* [The data]

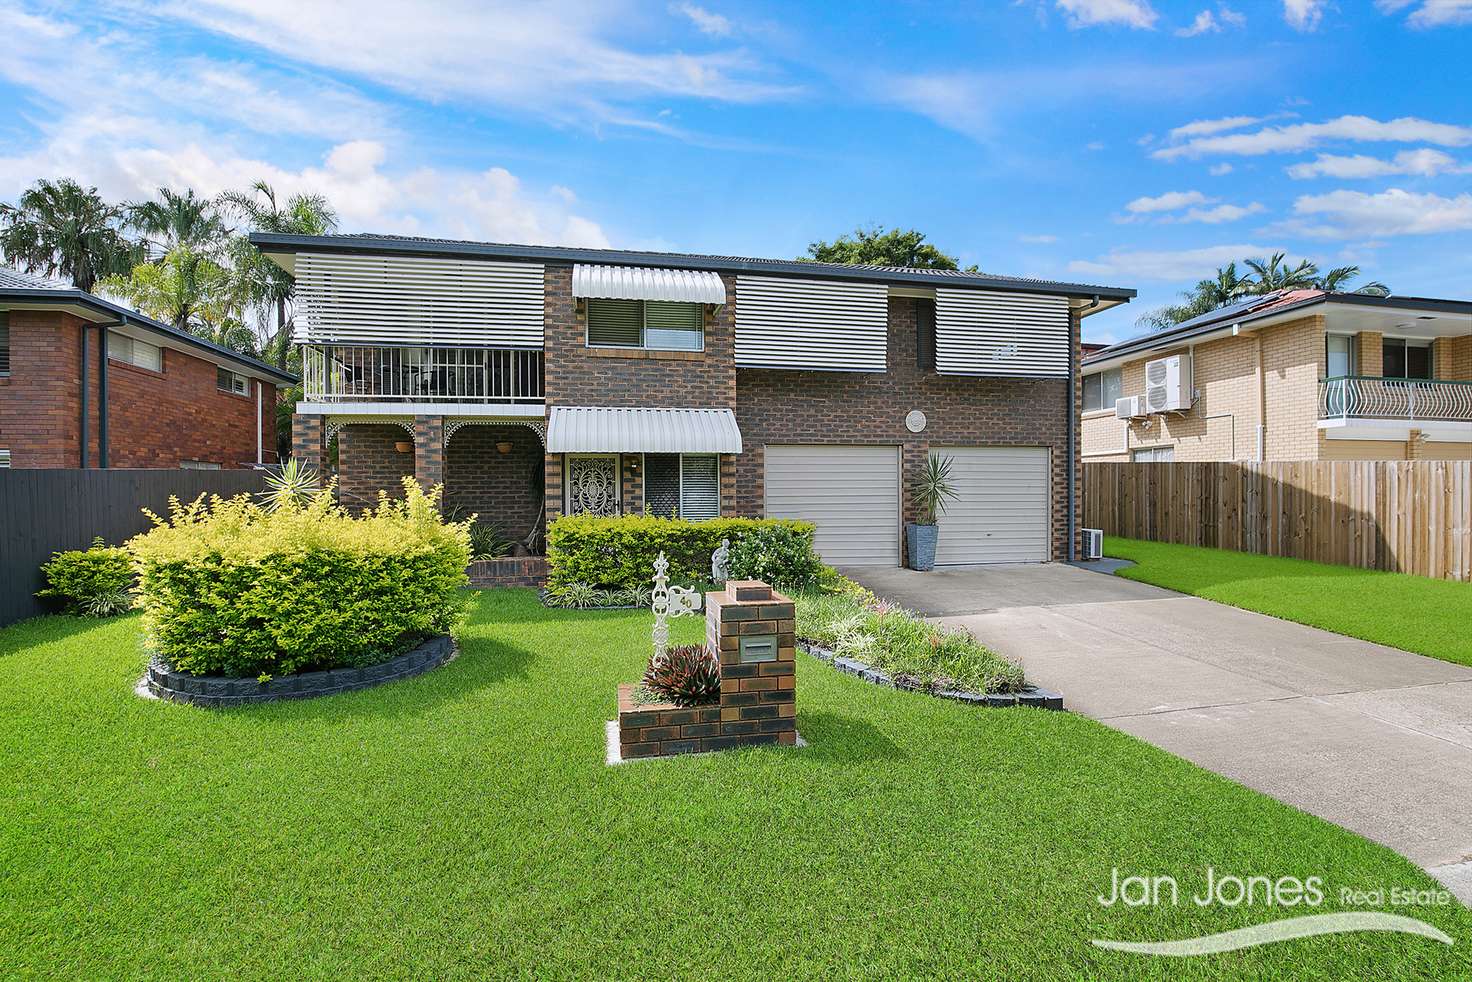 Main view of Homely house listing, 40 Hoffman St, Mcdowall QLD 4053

--

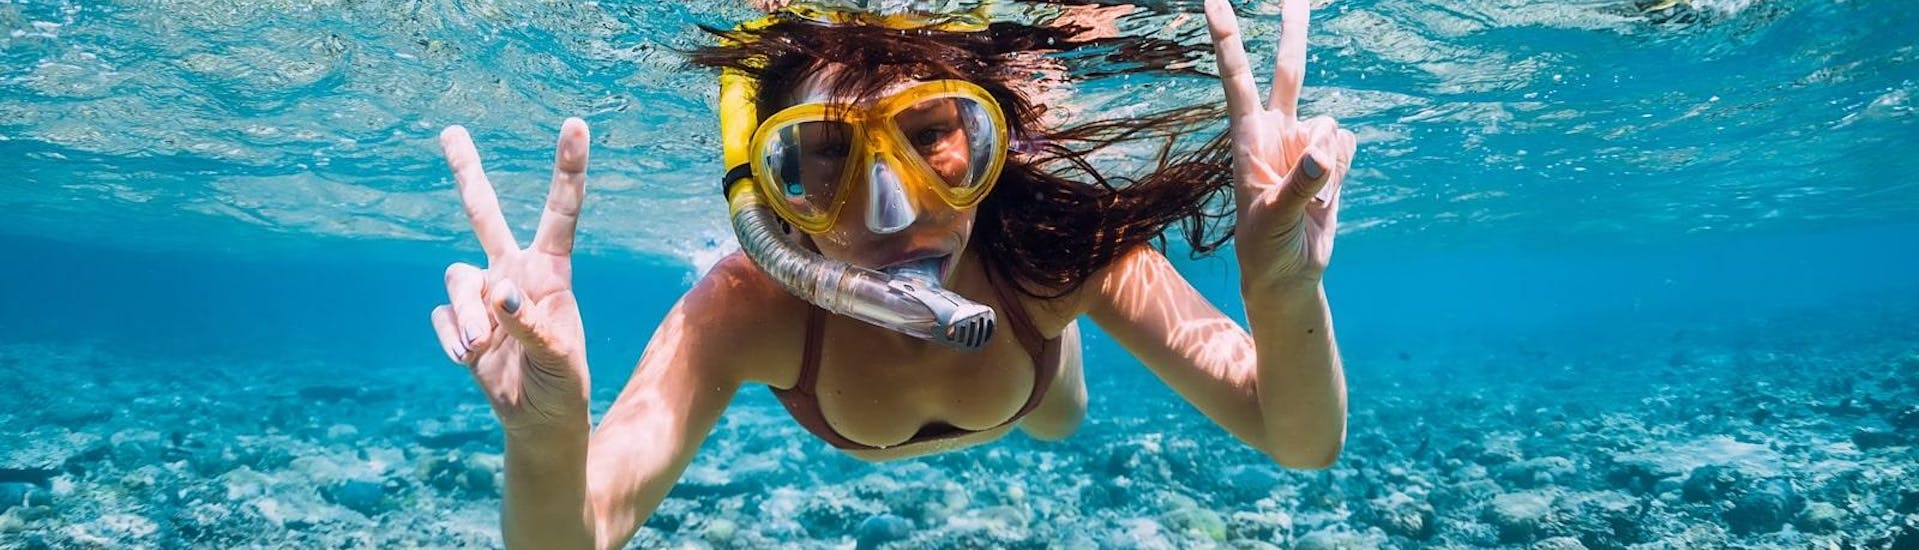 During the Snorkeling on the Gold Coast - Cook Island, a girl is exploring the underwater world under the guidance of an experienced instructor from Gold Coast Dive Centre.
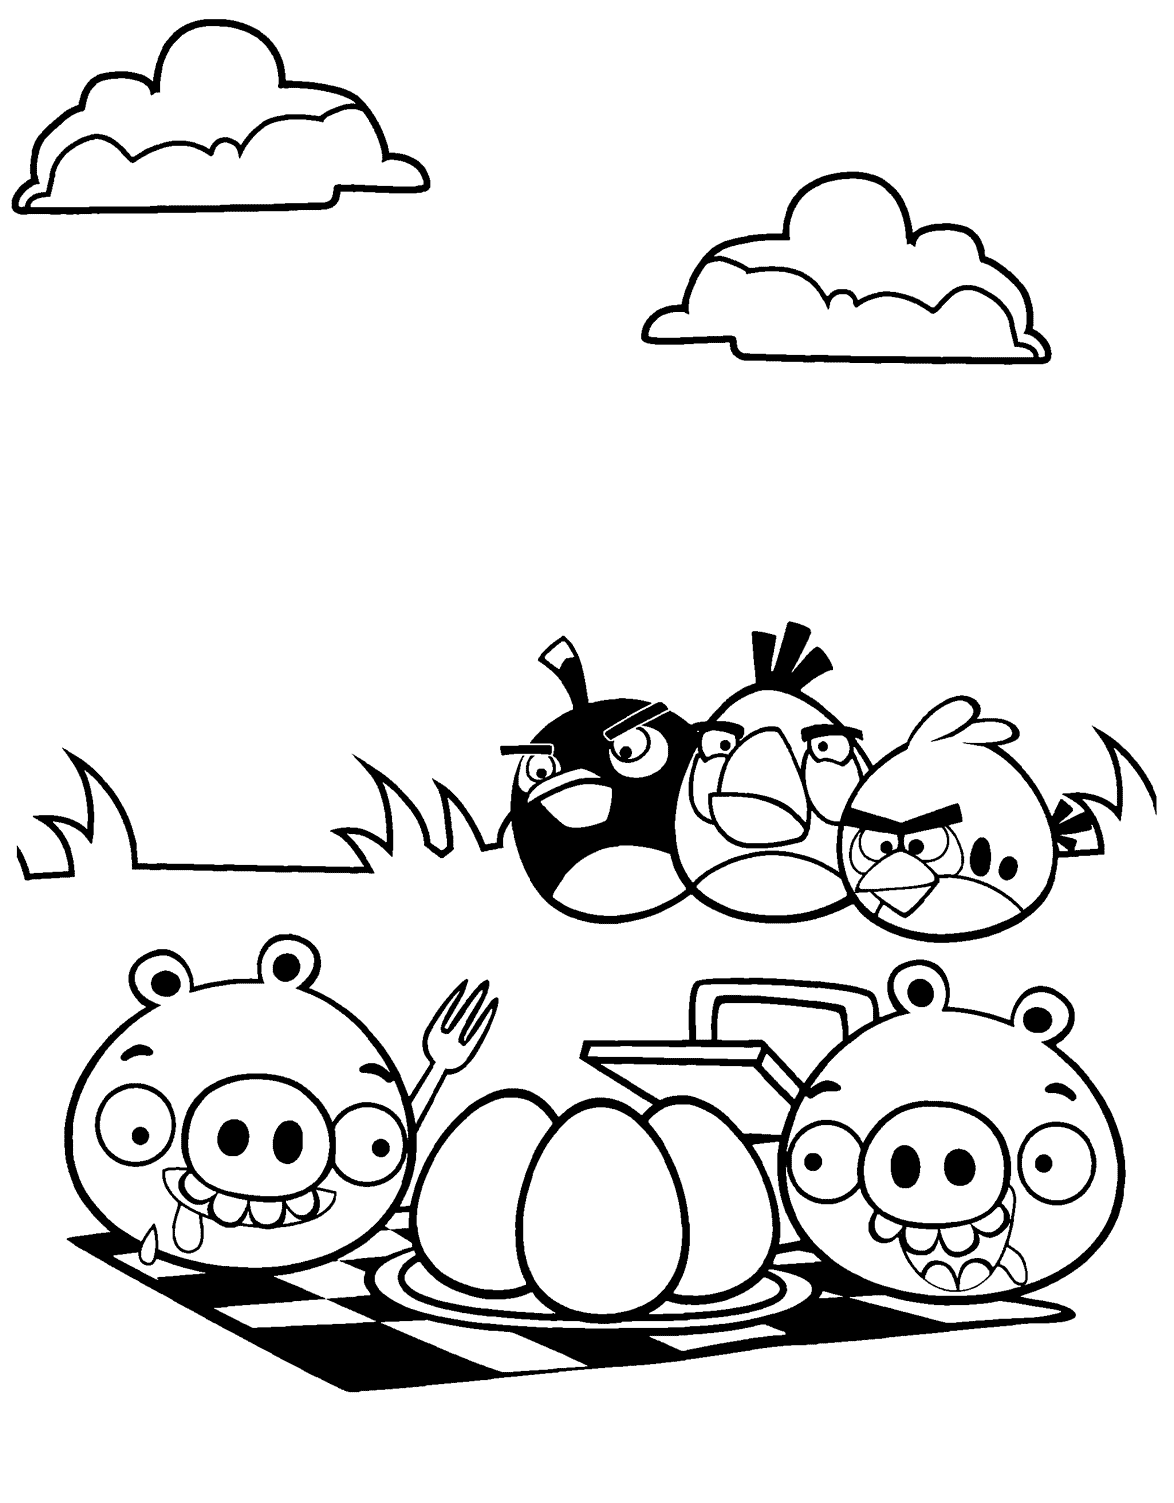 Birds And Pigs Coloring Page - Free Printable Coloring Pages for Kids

* [Directions for this task] A clean copy is needed of the lines in the listing above from the one with "During the Snorkeling" through the one with "Birds And Pigs", exact in every word and free of pictures.

* [Task output]
 During the Snorkeling on the Gold Coast - Cook Island, a girl is exploring the underwater world under the guidance of an experienced instructor from Gold Coast Dive Centre.
 Birds And Pigs Coloring Page - Free Printable Coloring Pages for Kids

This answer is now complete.